PROBLEM DESCRIPTION: Repeat exactly the stretch of lines that starts with the one containing "White gold Skull with Top Hat charm." and ends with the last line of the material. Leave out pictures.

DATA:
▬▬▬▬▬▬
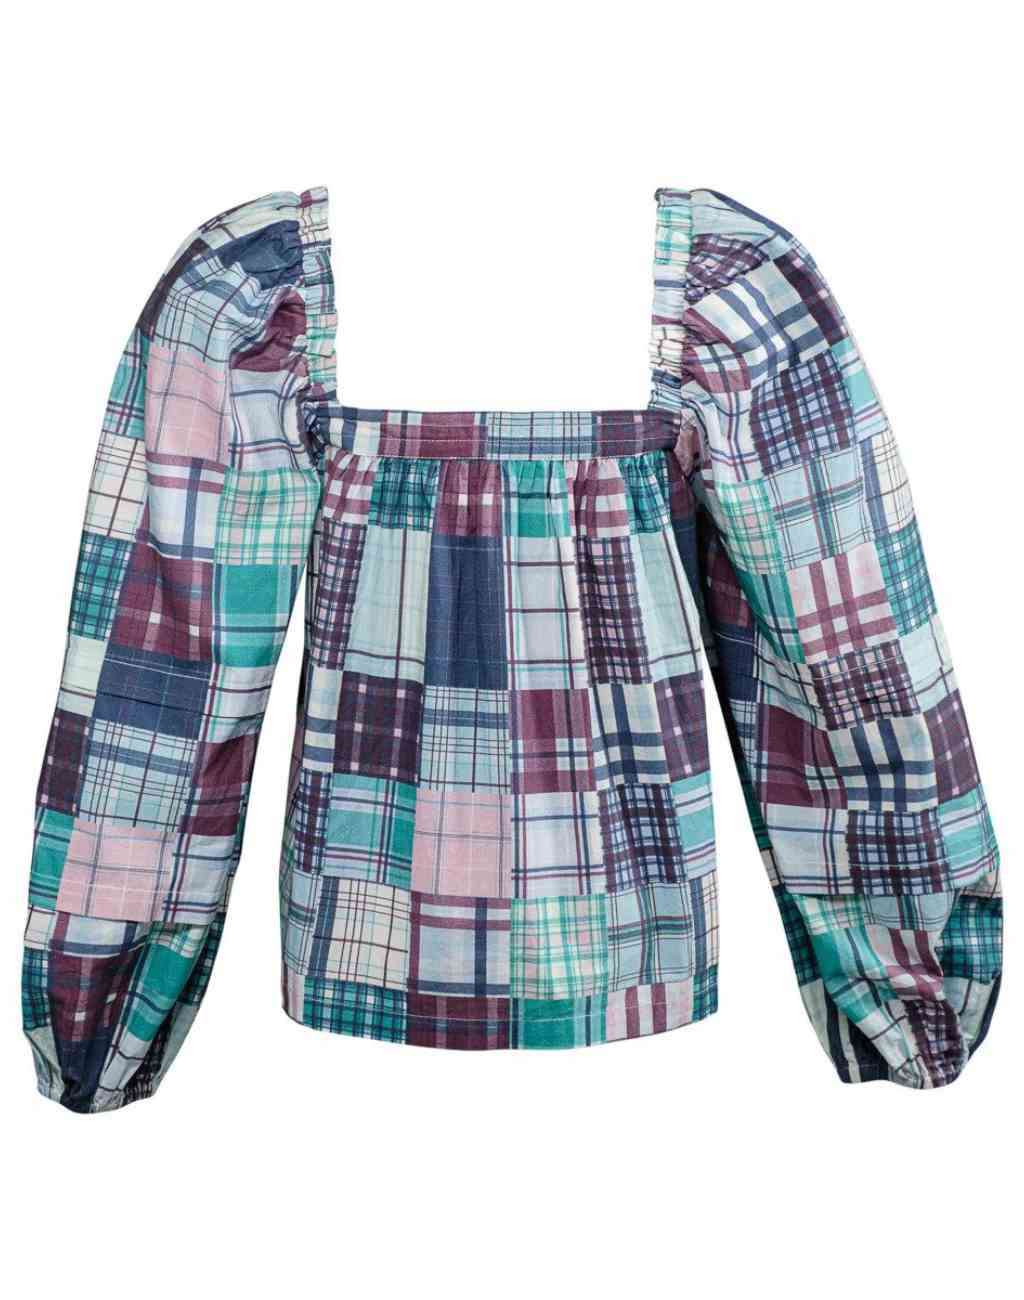 Martha Top in Plaid Patchwork with Oversized Puffed Sleeves
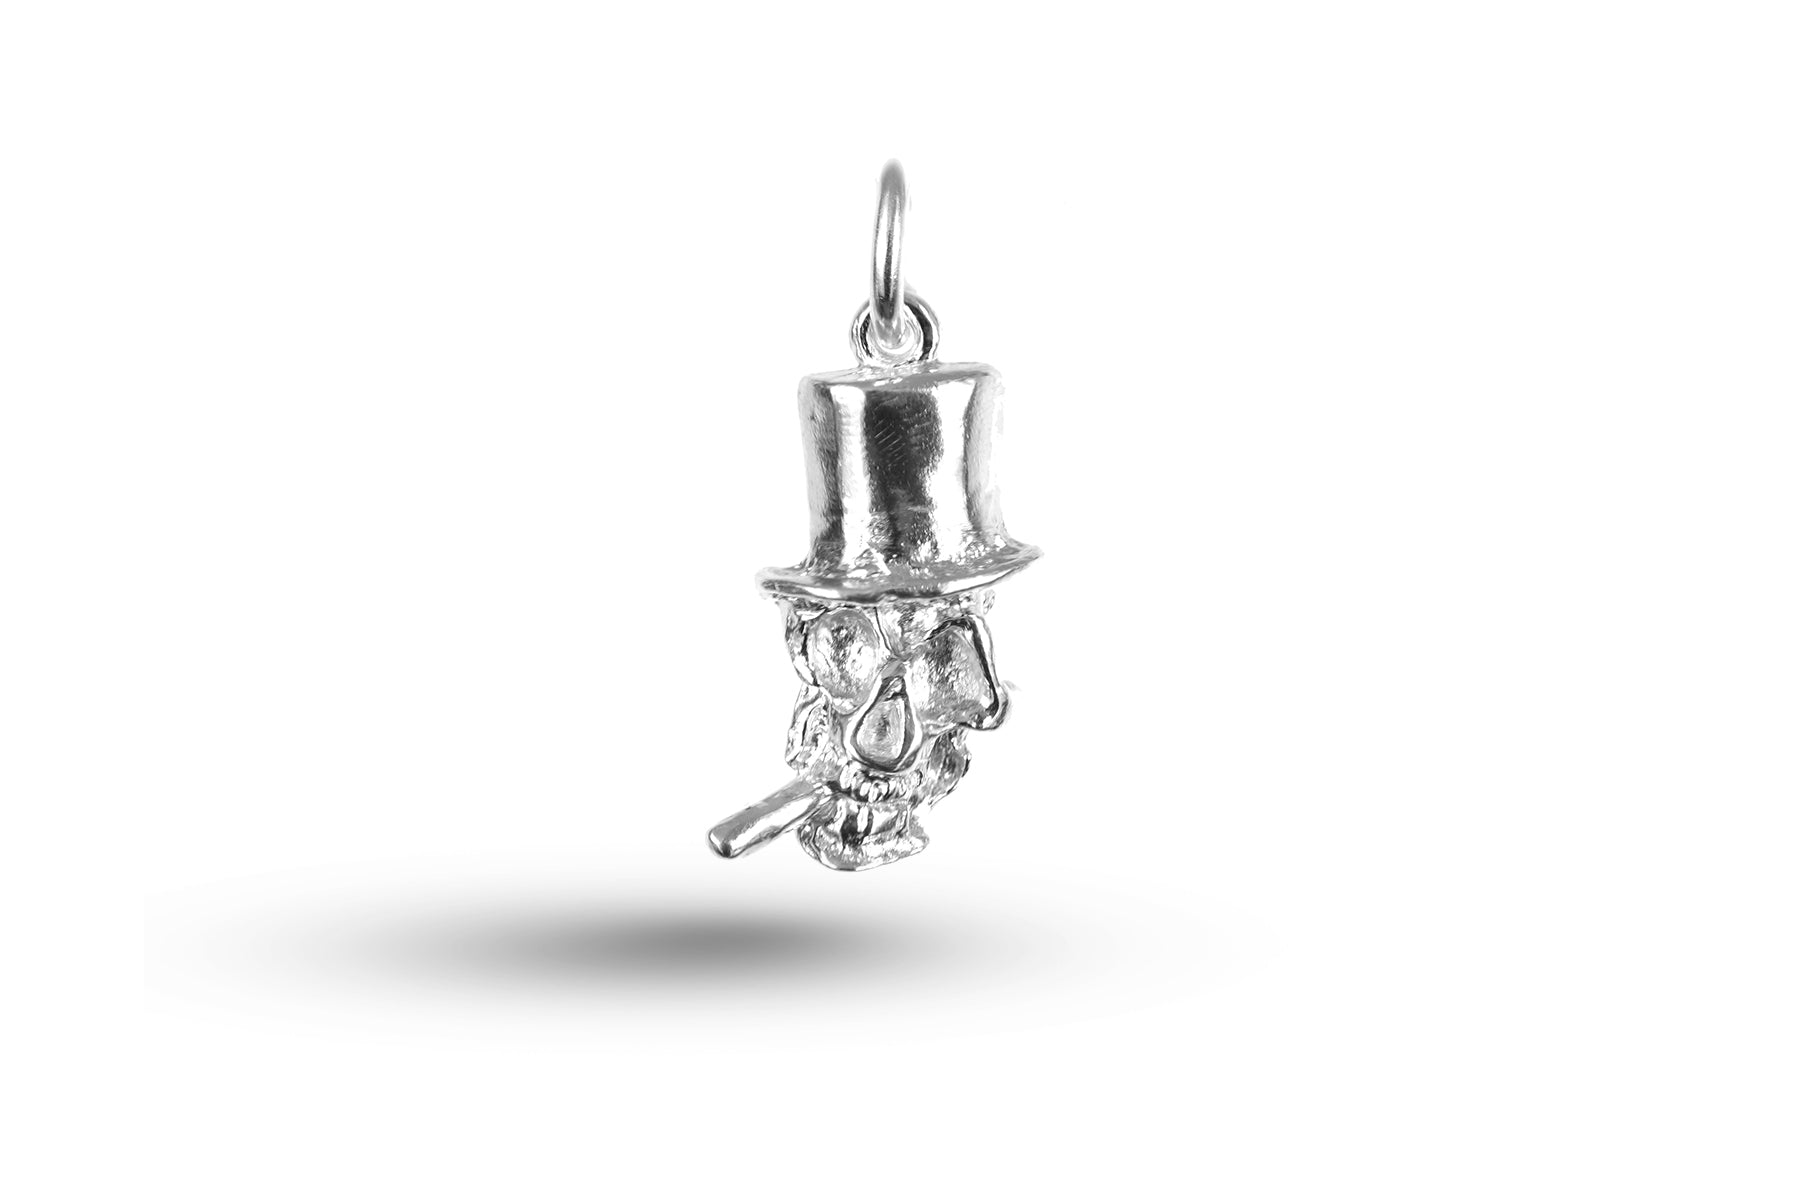 White gold Skull with Top Hat charm.
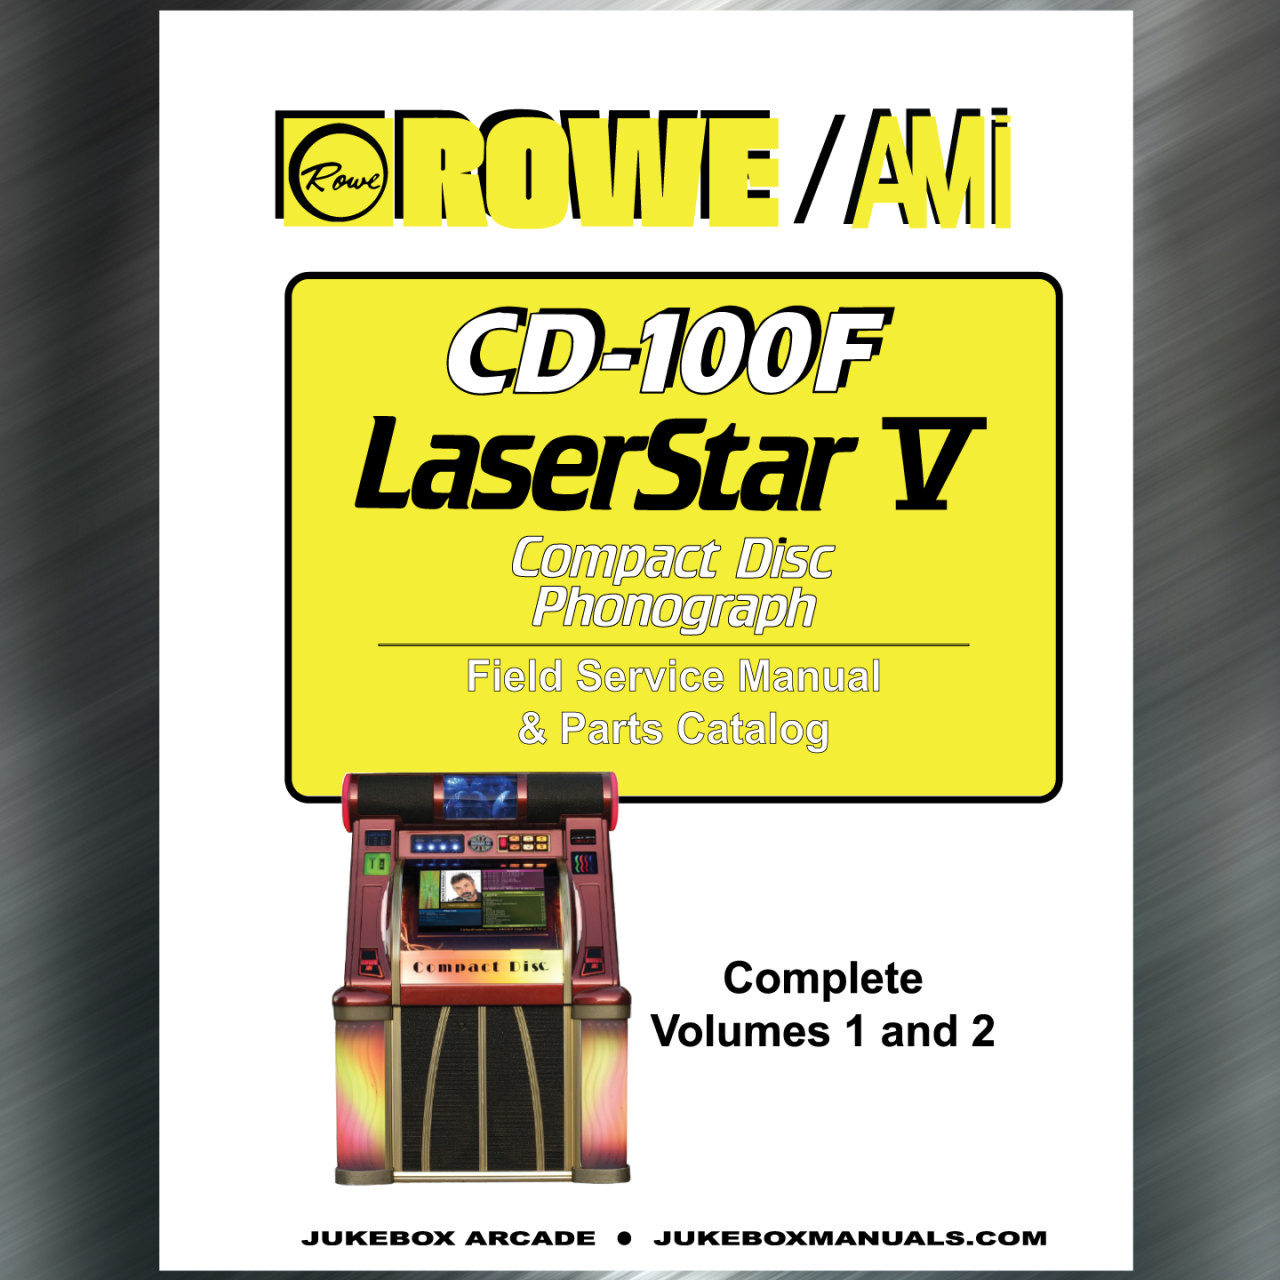 ROWE CD-100B LaserStar Service & Parts Manuals with Troubleshooting 2 Volume Set
▬▬▬▬▬▬
SOLUTION FOR THIS EXERCISE:
 White gold Skull with Top Hat charm.
 ROWE CD-100B LaserStar Service & Parts Manuals with Troubleshooting 2 Volume Set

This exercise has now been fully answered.